Pickpocket
Fr.
N&B 1959 75' ; R., Sc. R. Bresson ; Ph.
Léonce-Henry
Burel ; M. Jean-Baptiste Lulli ; Pr.
Agnès Delahaie
; Int. Martin Lassalle (Michel
D.), Marika Green (Jeanne), Pierre Leymarie (Jacques), Jean
Pélegri (l'inspecteur), Kassagi (l'initiateur), Pierre Etaix
(le comparse).
Michel, garçon
doué, cherche son salut
à travers la transfiguration érotique et
esthétique du vol, en dépit de
l'honnête ami Jacques. Il lâche donc la proie pour
l'ombre. Sa mère est condamnée par la
médecine mais il y est aveugle. Jusqu'au dernier souffle,
c'est Jeanne, la voisine, qui en prend soin. Elle et Michel sont des
déshérités, l'un par
l'autre aimantés. Le papillon cependant
préfère se brûler les ailes. Sous
l'œil exercé d'un gentil commissaire, il
mène sa vie jusqu'à ce que, revenant d'un long
séjour à l'étranger, il retrouve
Jeanne, mère-célibataire par les œuvres
de Jacques, disparu car désaimé. L'ancien voleur
travaille pour subvenir aux besoins de la mère et de
l'enfant, mais il tombe dans le premier piège tendu par la
police. En prison où Jeanne le visite il comprend enfin son
grand amour.
Les
images sont traitées de façon à faire
sentir l'investissement sublimatoire du vol comme danger, avec la
quête obscure d'amour vrai qu'il recouvre.
À Longchamp où opère le
pickpocket, les martèlements de la course
suggèrent des battements de cœur de jouissance
associés à un "spasme" glottal du voleur et
à sa main insinuée de façon suggestive
dans l'ouverture du sac croco jouxtant la fermeture
éclair de jupe de la femme
élégante, qui fournit équivoquement
une liasse de billets à son ami parieur. Celui-ci,
derrière ses jumelles décalées, un
rictus aux lèvres, semble participer en voyeur.

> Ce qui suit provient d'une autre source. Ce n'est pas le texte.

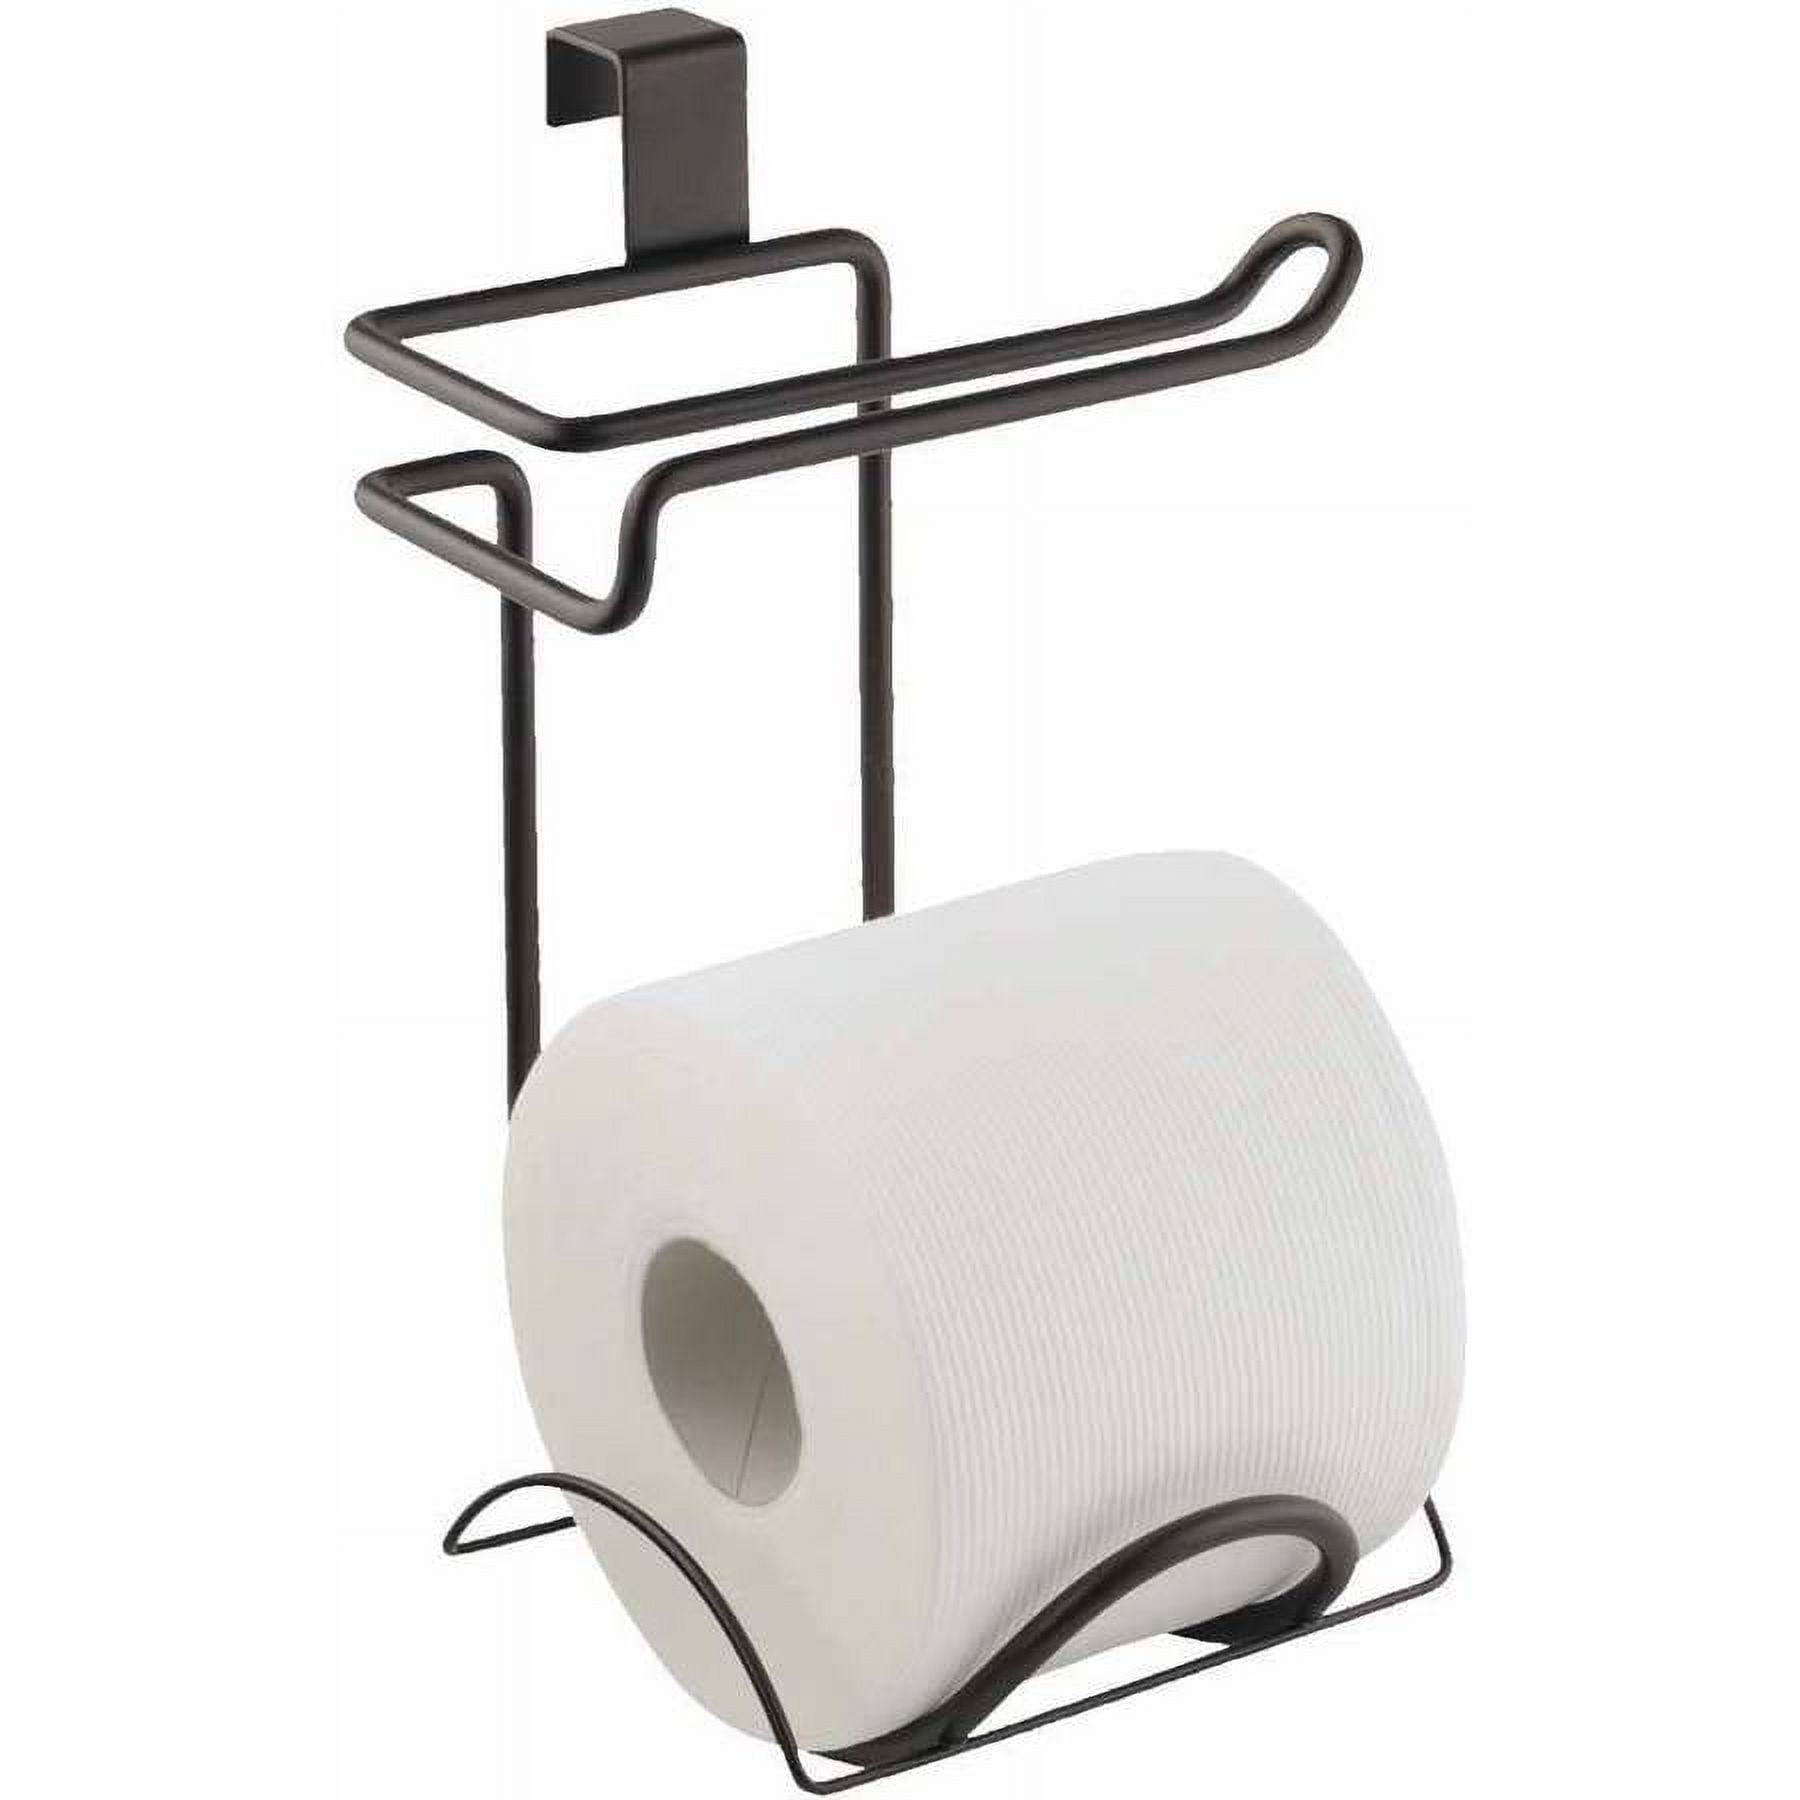 Mainstays Chrome Over-the-Tank Toilet Paper Holder, 7.5 inch x 3.5 inch x 1.4 inch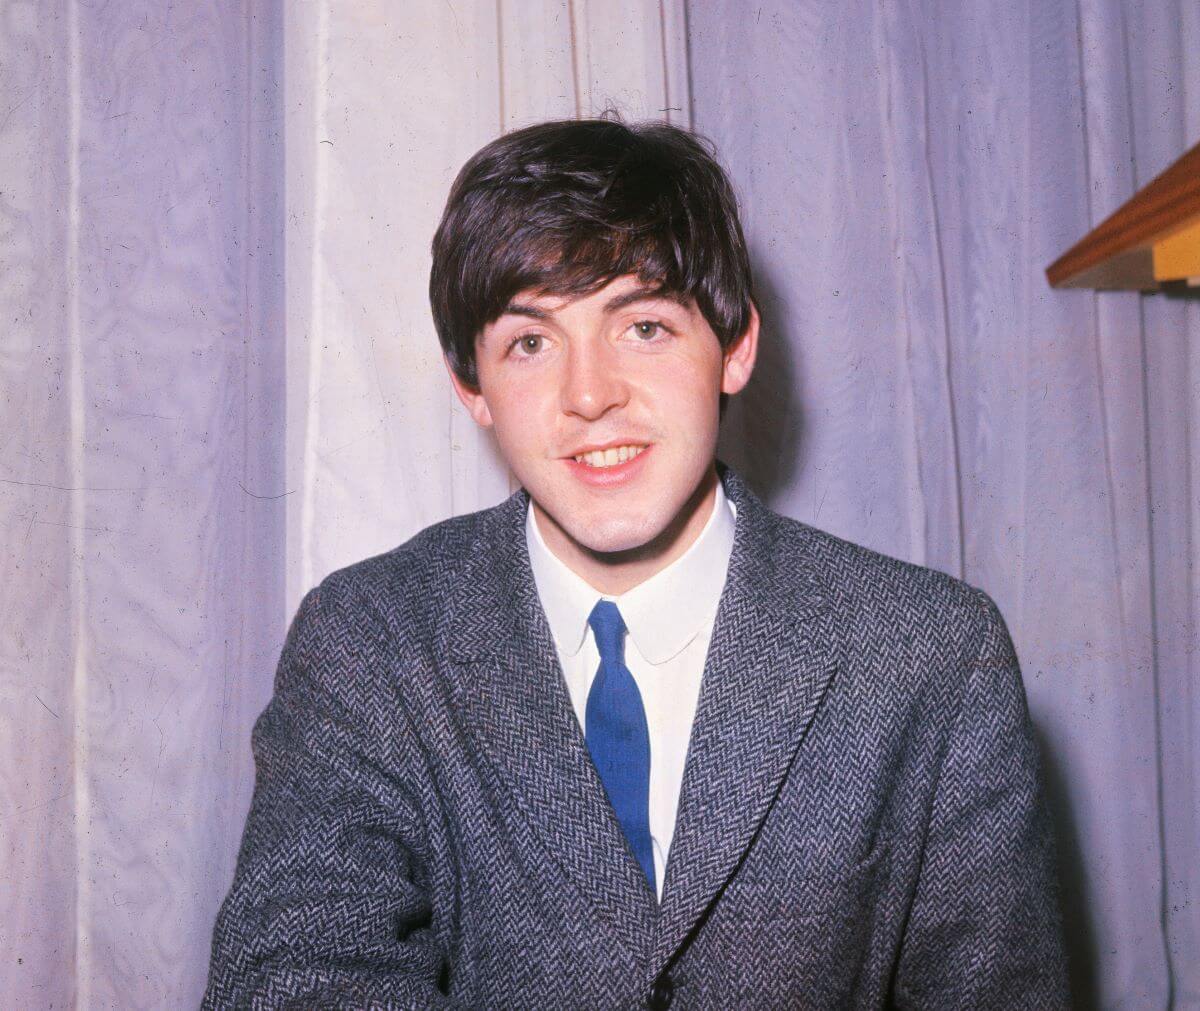 Paul McCartney wears a blue suit and sits in front of a curtain.

Le motif croco se transforme en tomette
chez Michel, dans les
carreaux de faïence du métro (voir plan 82) ou la
texture des fauteuils d'osier, et en
diverses figures de serpent (tentateur) dont les tuyauteries dans le
couloir du métro (surtout plan 82, associé avec
"montée interdite"), les rampes d'escaliers, les motifs
à volutes des papiers muraux de
l'escalier de l'immeuble de Jeanne, le sol mosaïqué
(également : motifs de la cravate du pickpocket) du café de
Rochechouart, les fauteuils
d'osier.
Mais la sonorisation de la manœuvre
ferroviaire ponctuant les enchaînements acrobatiques des
pickpockets dans le train ressemble au grincement des huis de la
prison. Dans le métro, l'image publicitaire "Perrier" d'un
clown (plan
59),
pointe cet acrobate parasocial qu'est Michel ; comparable à
l'affiche "Beaujolais affriolant" et à la pub Gitane sur le
cendrier au premier plan devant le commissaire attablé au
café (plan 43). S'y ajoutent quatre paquets de Gauloises (plan
57).
"Iras-tu ?" s'inquiète Jacques en faisant allusion au
travail, et Michel sort du champ sans répondre ; restent les
paquets de Gauloises sur une étagère. Autre pub,
dans la voiture de métro : une silhouette de fillette
avec chien, levant haut
les bras (liberté de mouvement, comme la Gitane).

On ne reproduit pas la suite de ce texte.